The Generic Display works on one observation at a time. It can be invoked at the command line as follows:
java net.sourceforge.nite.gui.util.GenericDisplay -cCORPUS-oOBS-fFONTSIZE-qQUERY
In the call, CORPUS gives a path to a metadata file and OBS names an observation
that is listed in that metadata file.  These are mandatory.  You may optionally specify a font size for the data rendering.  You may also specify a query that will be used to choose kinds of data for display.  Only the variable type information will be used in the processing; the display will show data just from the files that include data that matches variables of those types.  For instance, -q '($w word)($d dialogue-act):' will render display windows for words and dialogue-acts only, ignoring all other data.  This is particularly useful for corpora with many different kinds of annotation, where it would create too busy a display to show everything.  For larger corpora, NXT is unable to render all of the annotations at once because this would take too much memory.  It is only possible to run the generic display for such corpora with the -q option.  
add screenshot. Is there more to say?
The Generic Display
simply puts up an audio/video window for each signal associated
with an observation, plus one window per coding that shows the 
elements in an NTextArea, one element per line, 
with indenting corresponding to the tree
structure and a rendering of the attribute values, the PCDATA the
element contains, and enough information about pointers to be able
to find their targets visually on the other windows.
It doesn't try to do anything clever about window placement.  
As with other NXT GUIs, there is a  menu, and the display
shows both search and time highlights.
There are currently three built-in and configurable end user GUIs for common interface requirements.
The signal labeller is for creating timestamped labels against signal, with the labels chosen from an enumerated list. This can be used for a very wide range of low-level annotations, such as gaze direction, movement in the room, rough starts and ends of turns, and areas to be included in or excluded from some other analysis. The tool treats the labels as mutually exclusive and exhaustive states; as the user plays the signal, whenever a new label is chosen (either with the mouse or using keyboard shortcuts), that time is used both for the beginning of the new label and the end of the old one. Although there are several similar tools available, this tool will work on either audio or video signals, including playing a set of synchronized signals together, and works natively on NXT format data, which is of benefit for user groups that intend to use NXT for further annotation.
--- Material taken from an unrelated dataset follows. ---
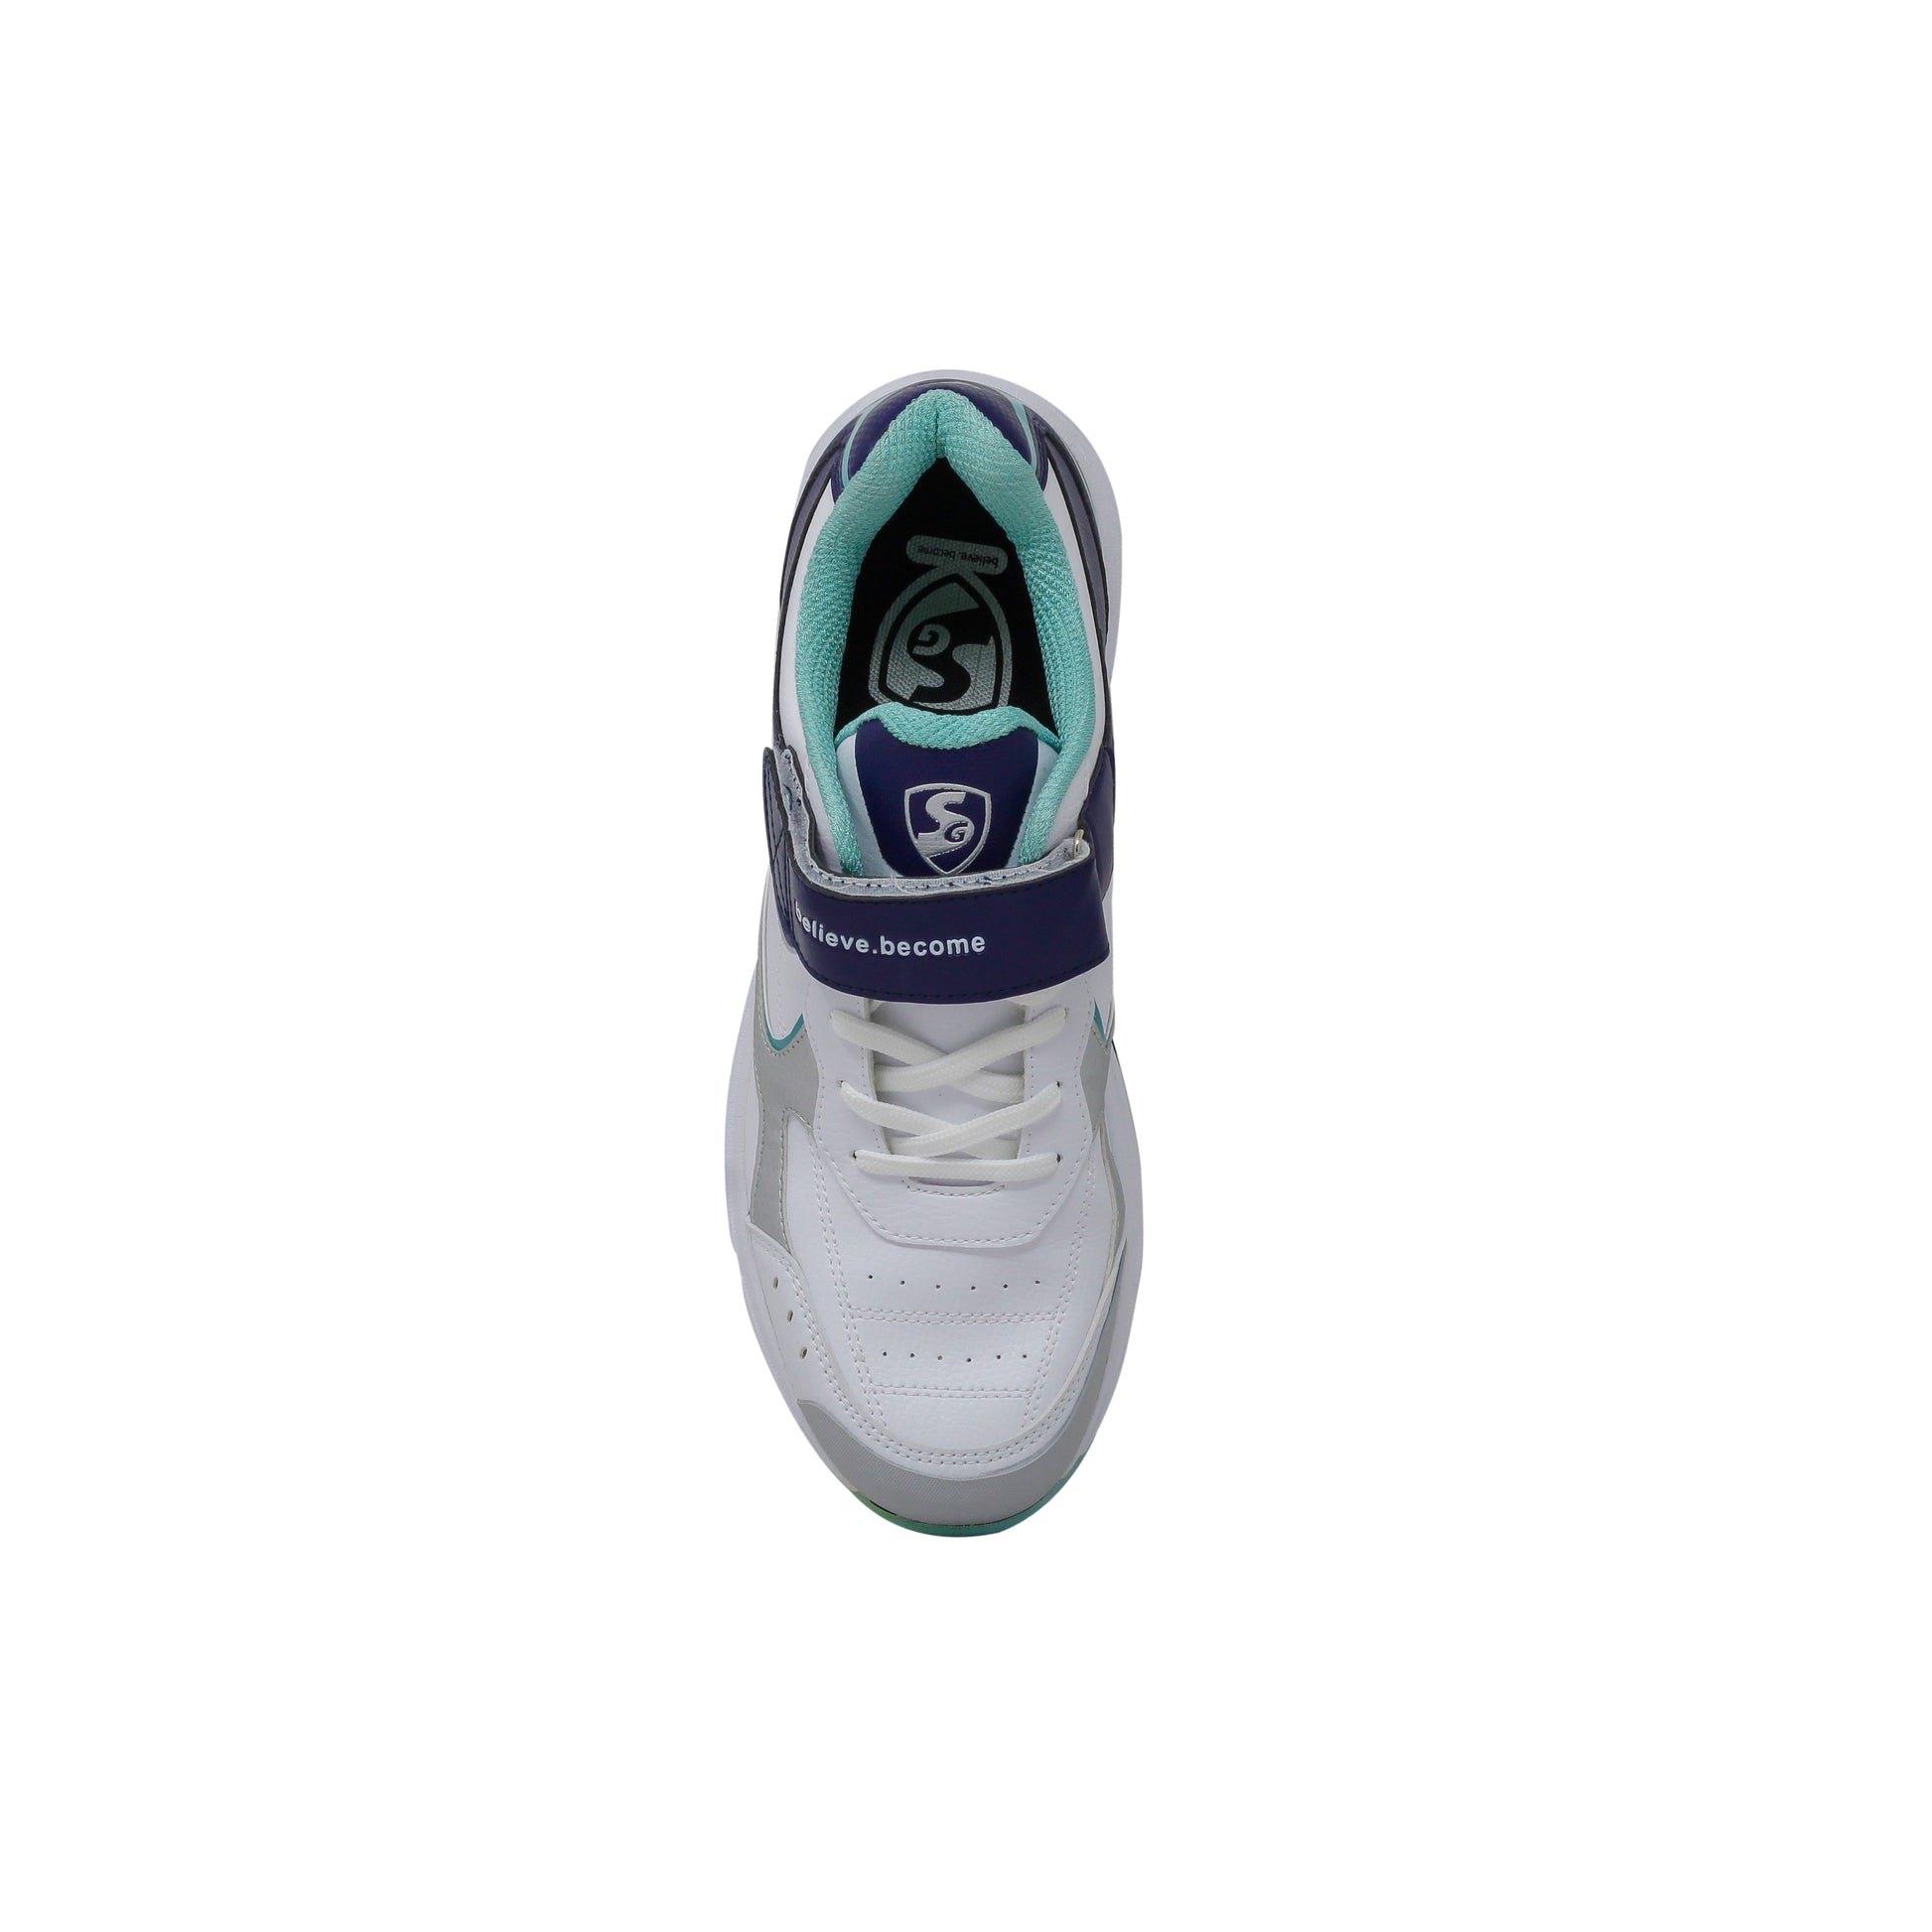 SG ARMOUR STUD Cricket Shoes in White/Navy/Teal – Your Ultimate Cricket Companion

It does not, however, currently include either the palette-based displays popular from Anvil and TASX, and the signal control is meant for the coarser style of real-time coding, not for the precision timing that some projects require. It also does not contain waveform display, and therefore is unsuitable for many kinds of speech annotation.
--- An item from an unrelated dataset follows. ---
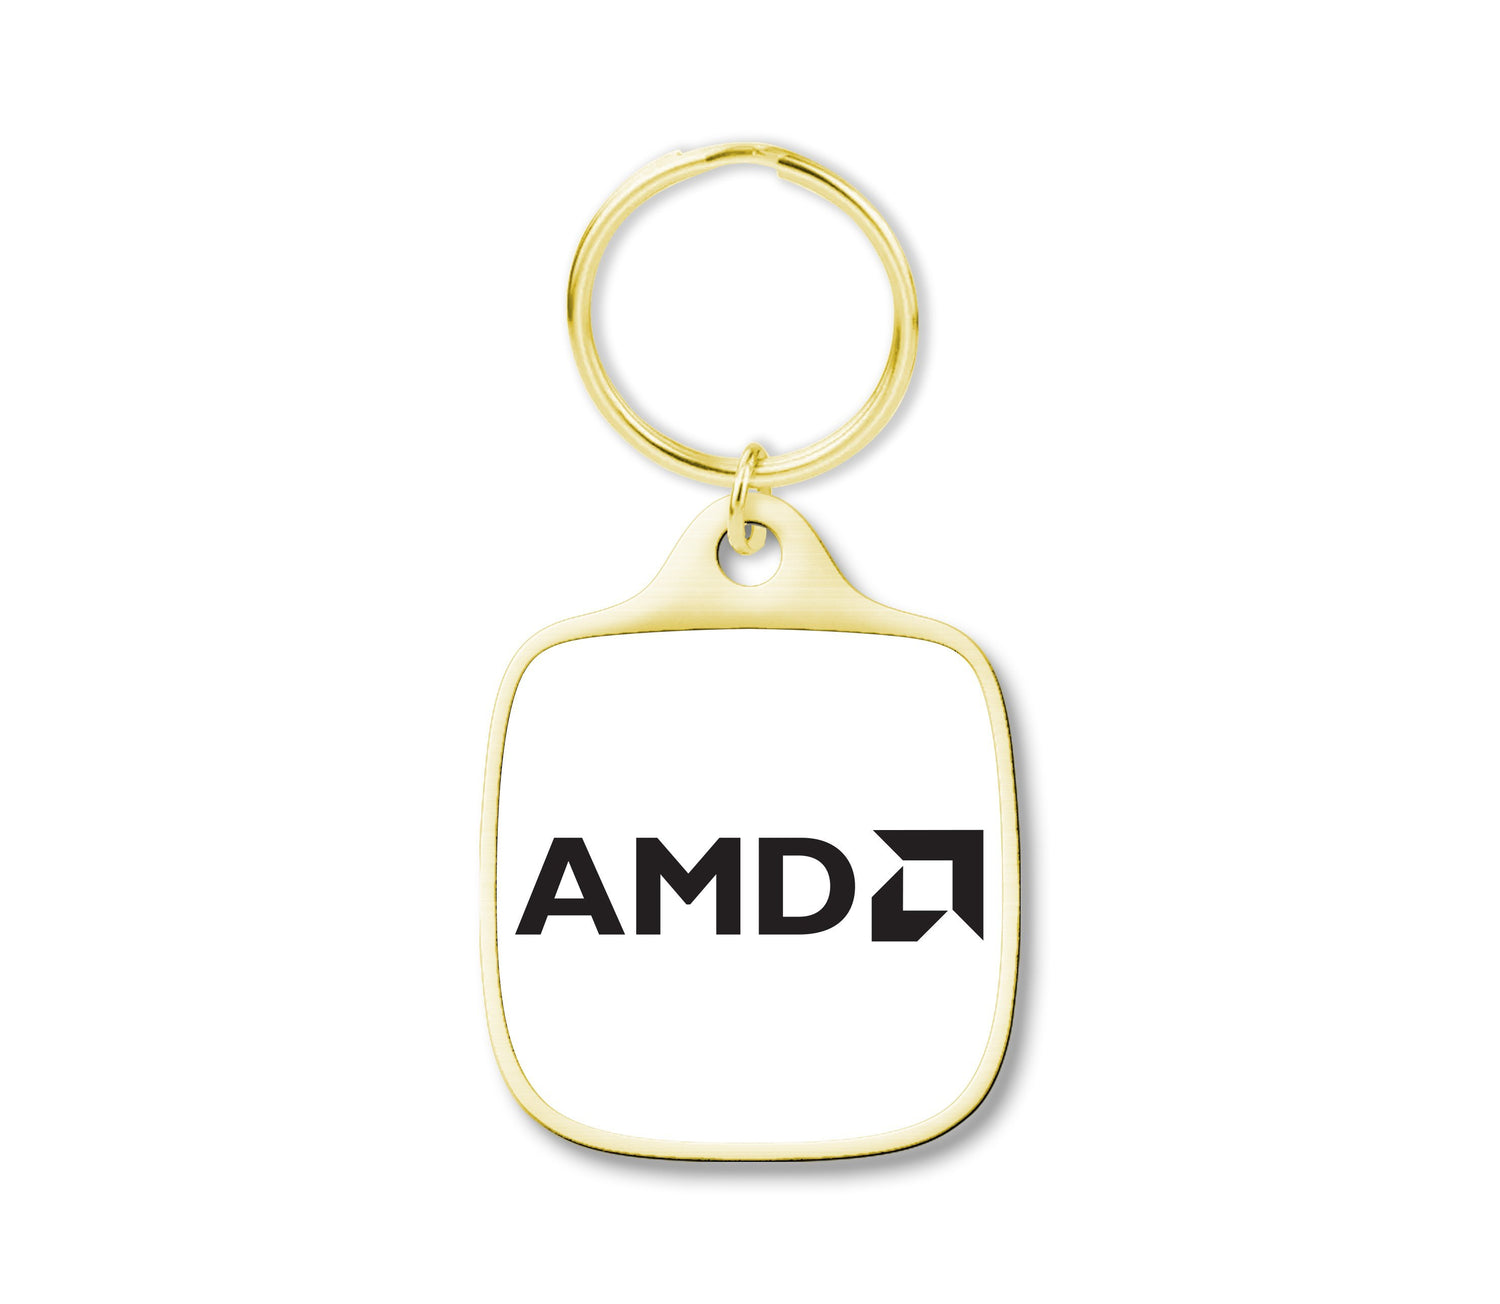 Custom Digitally Printed Made in USA Keychains Rounded Square 1.3 in. Gold

Java class: net.sourceforge.nite.tools.videolabeler.ContinuousVideoLabeling
The second end user GUI is for coding discourse entities above an existing text or speech transcription. Coding is performed by sweeping out the words in the entity and then mousing on the correct entity type from a static display of the named entity type ontology, or choosing it by keyboard shortcut. It can be used for any coding that requires the user to categorize contiguous stretches of text (or of speech by one person) using labels chosen from a tree-shaped ontology. In addition, it allows the user to indicate directional relationships between two coded entities, with the relationship categorized from a set of labels. The most common uses for this style of interface are in marking up named entities and coreferential relationships.
Java class: net.sourceforge.nite.tools.necoder.NECoder
The final GUI is for segmenting discourse into contiguous stretches of text (or of speech by one person) and categorizing the segments. The most common use for this style of interface is a dialogue act coder. Coding is performed by marking the end of each discourse segment; the segment is assume to start at the end of the last segment (or the last segment by the same speaker, with the option of not allowing segments to draw words across some higher level boundary, such as previously marked speaker turns). A permanent dialogue box displays information about the currently selected act and allows a number of properties to be specified for it beyond simple type. The coding mechanisms supported include a tickbox to cover boolean properties such as termination of the act before completion, free text comments, and choice from a small, enumerated, mutuallly exclusive list, such as might be used for noting the dialogue act's addressee. Although this structure covers some styles of dialogue act coding, this tool is not suitable for schemes such as MRDA where dual-coding from the same act type list is allowed. This tool additionally allows the user to indicate directional relationships between acts using the same mechanism as in the discourse entity coder, although for current dialogue act schemes this is a minority requirement.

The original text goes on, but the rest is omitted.